Ha, i'll eat my words on that one then


----------



## StuckAtHome (Apr 29, 2004)

Unless they found something on me, lol, stay clear of pickaway county, this is getting rather old.

posted using Outdoor Hub Campfire


----------



## fredg53 (Sep 17, 2010)

StuckAtHome said:


> Unless they found something on me, lol, stay clear of pickaway county, this is getting rather old.
> 
> posted using Outdoor Hub Campfire


Did you call the sheriff yet to check

posted using Outdoor Hub Campfire


----------



## StuckAtHome (Apr 29, 2004)

I called about three days ago. Hate to keep calling, they might just wait the entire 45 days and reject my app for unknown reasons. I have never been arrested in my 45 years, no law issues besides traffic stuff, making me really angry

posted using Outdoor Hub Campfire


----------



## oarfish (May 12, 2004)

Don't forget you are dealing here with gov. They are known for not being consistent in performance. I would not sweat it. It can take a few weeks but eventually will have it.


----------



## Smitty82 (Mar 13, 2011)

You also have to remember that the last few months have encouraged ALOT of people to go get there CCW, so it could be that they just happen to have an abnormal increase of background checks that they have to do.


----------



## StuckAtHome (Apr 29, 2004)

Well, got my ccw yesterday, forty days in, but, it was ready March 25 th!
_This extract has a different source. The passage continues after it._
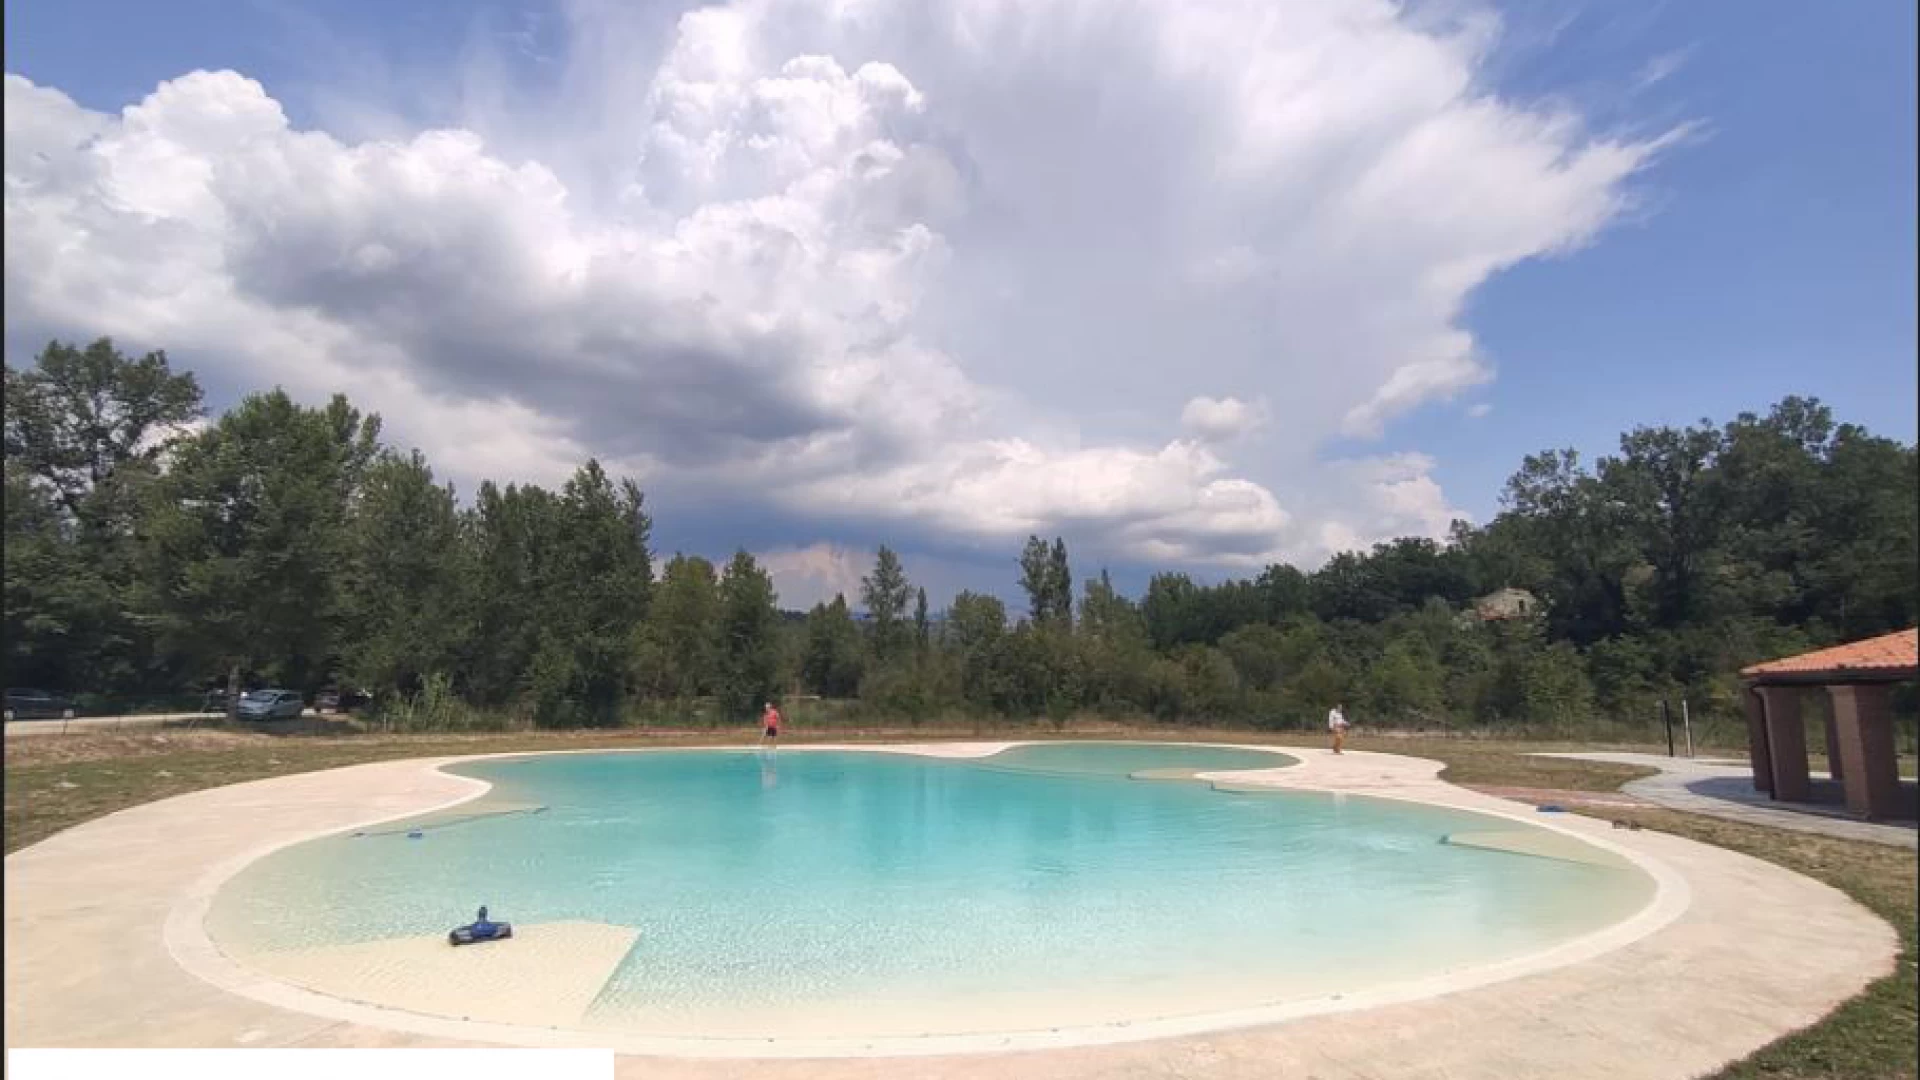 Colli a Volturno: giovedì 11 agosto la cerimonia di apertura della piscina comunale del parco fluviale. Un evento atteso da tempo. L’impianto funzionerà grazie all’impegno della Pro-Loco.
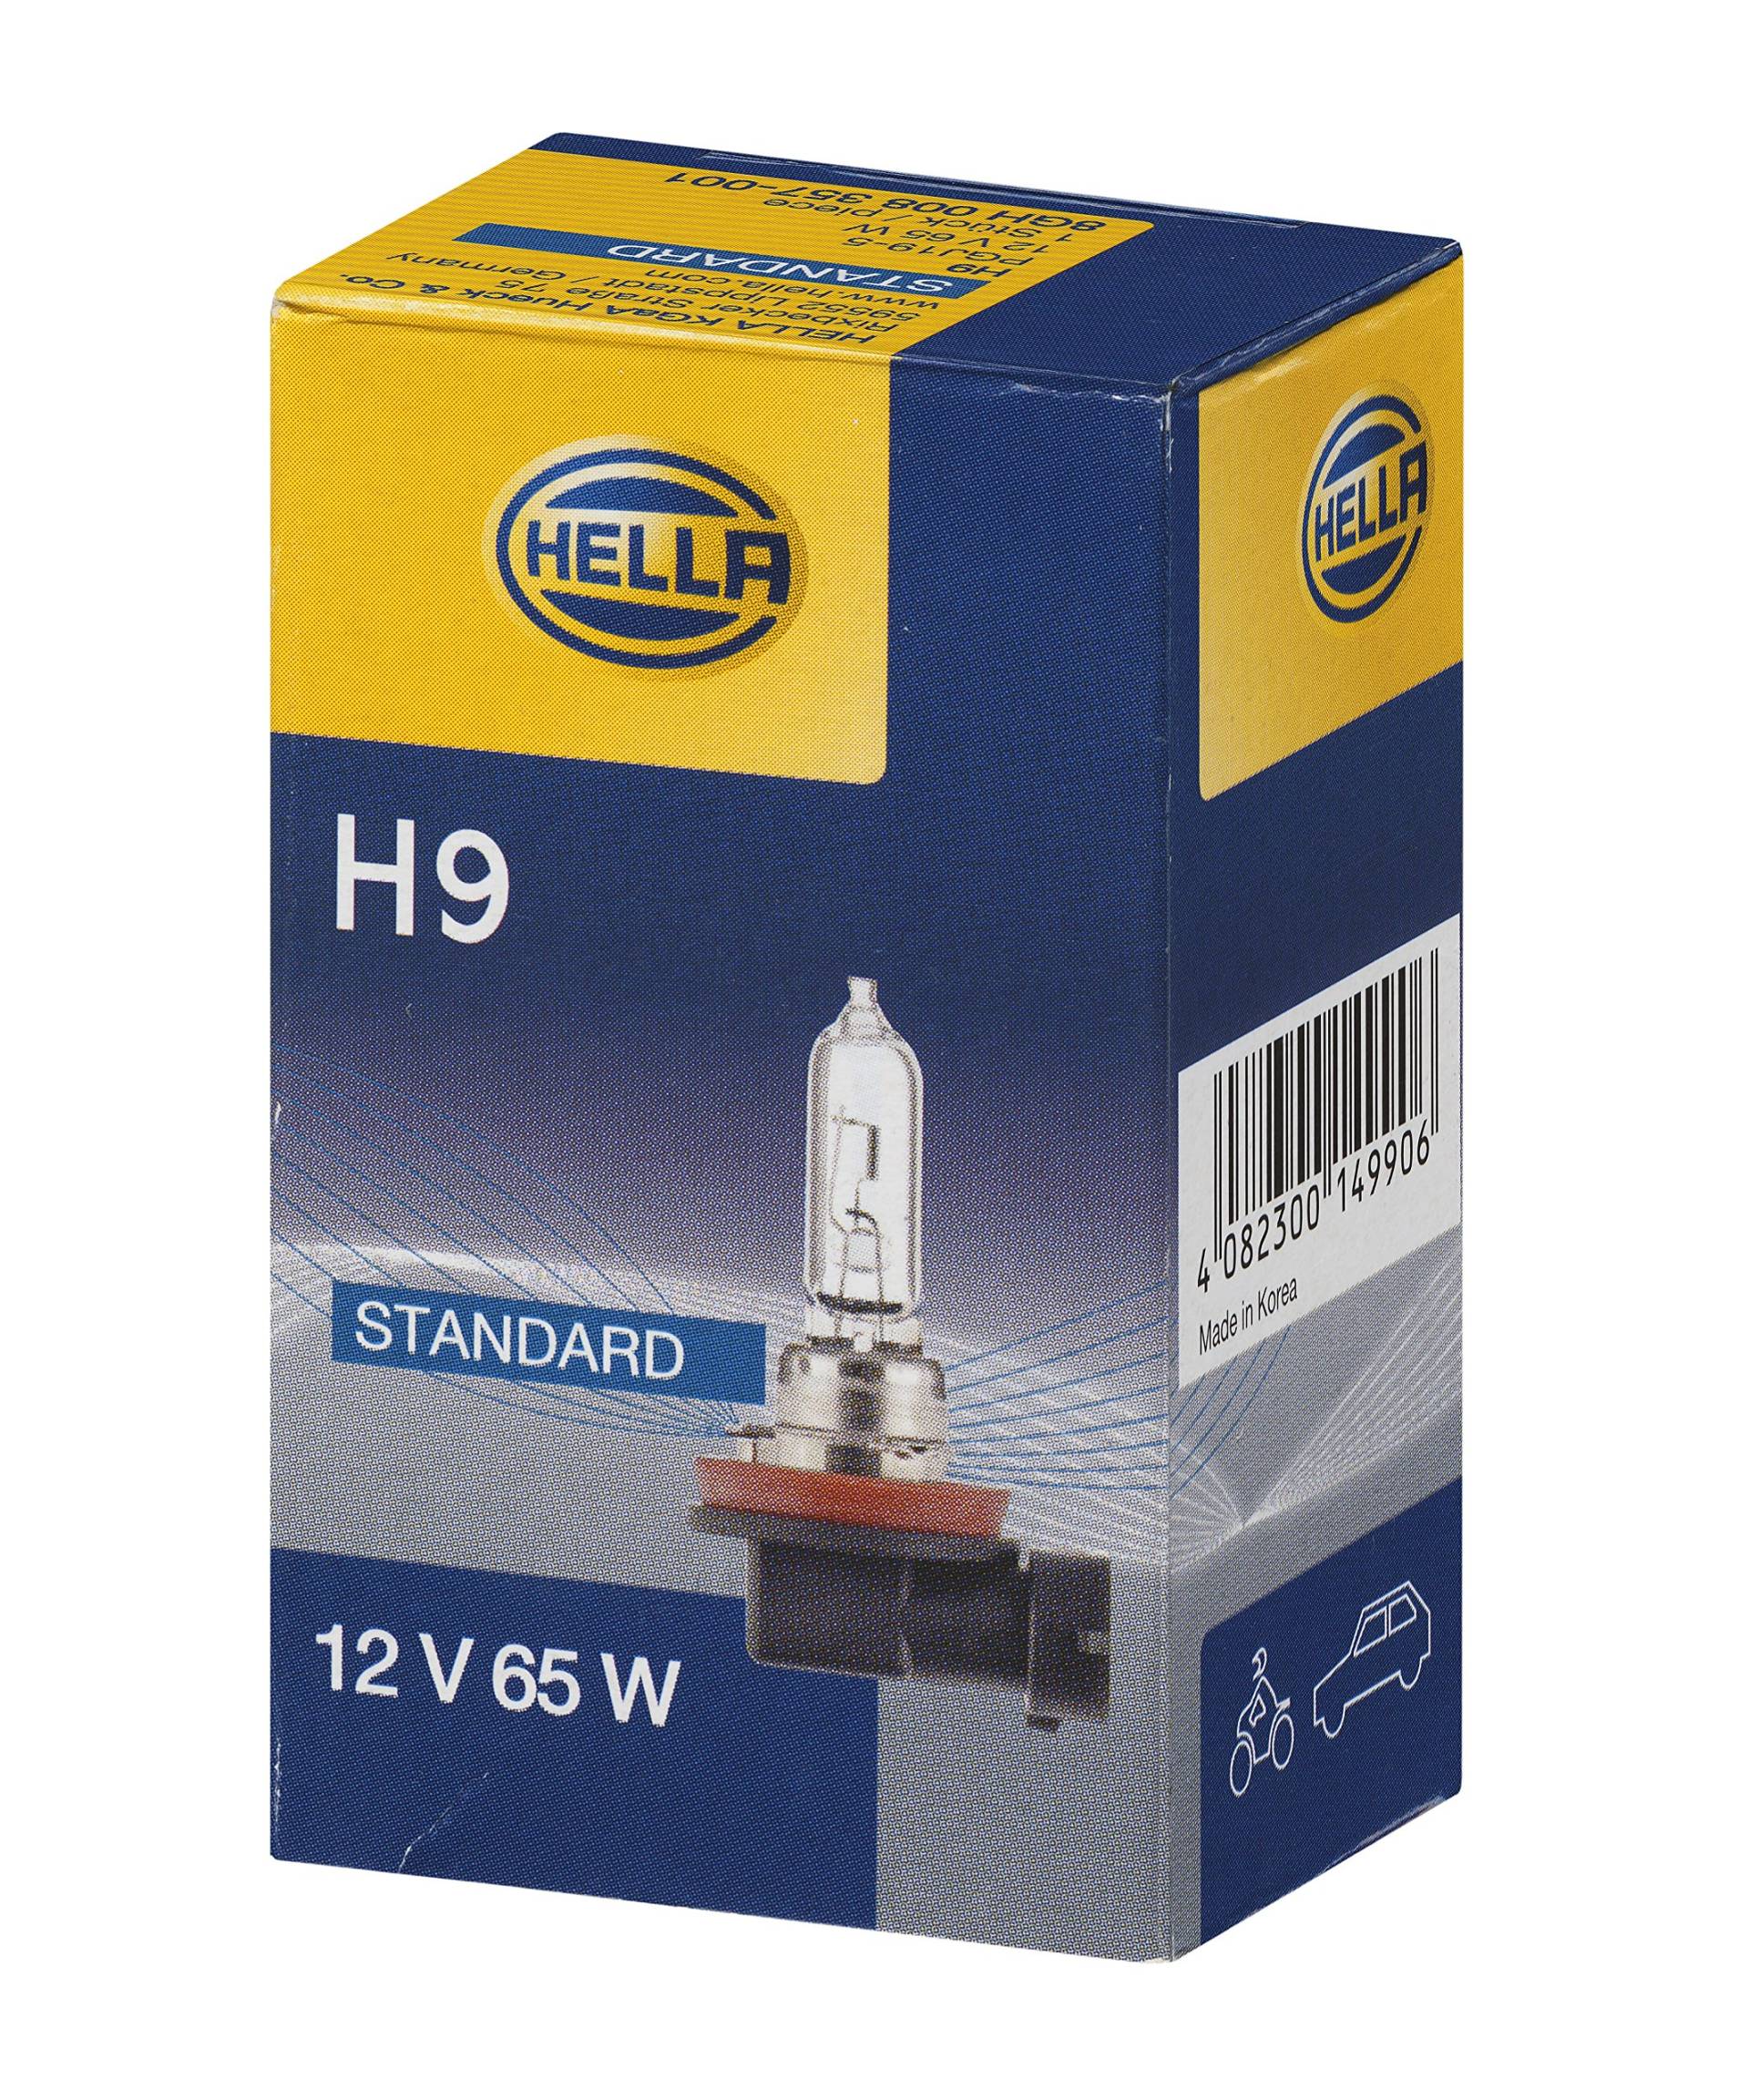 HELLA - Glühlampe - H9 - Standard - 12V - 65W - Sockelausführung: PGJ19-5 - Schachtel - Menge: 1 - 8GH 008 357-001 von Hella

I called twice AFTER that date to check, same lady who did the app answered the phone, said both times it wasn't ready yet. Asked yesterday and she said she called me on the 25th of March. I have the call log, she never called or left message. Not worth raising hell over this, just think pickaway county sheriff's suck, lol

posted using Outdoor Hub Campfire


----------



## oarfish (May 12, 2004)

Good for you! My took that long if I remember right.


----------



## fredg53 (Sep 17, 2010)

StuckAtHome said:


> Well, got my ccw yesterday, forty days in, but, it was ready March 25 th! I called twice AFTER that date to check, same lady who did the app answered the phone, said both times it wasn't ready yet. Asked yesterday and she said she called me on the 25th of March. I have the call log, she never called or left message. Not worth raising hell over this, just think pickaway county sheriff's suck, lol
> 
> posted using Outdoor Hub Campfire


Glad u n oarfish got it still waiting ugh

posted using Outdoor Hub Campfire


----------



## fredg53 (Sep 17, 2010)

Happy to say they called yesterday i am good to go faster than i thought great job lake county

posted using Outdoor Hub Campfire


----------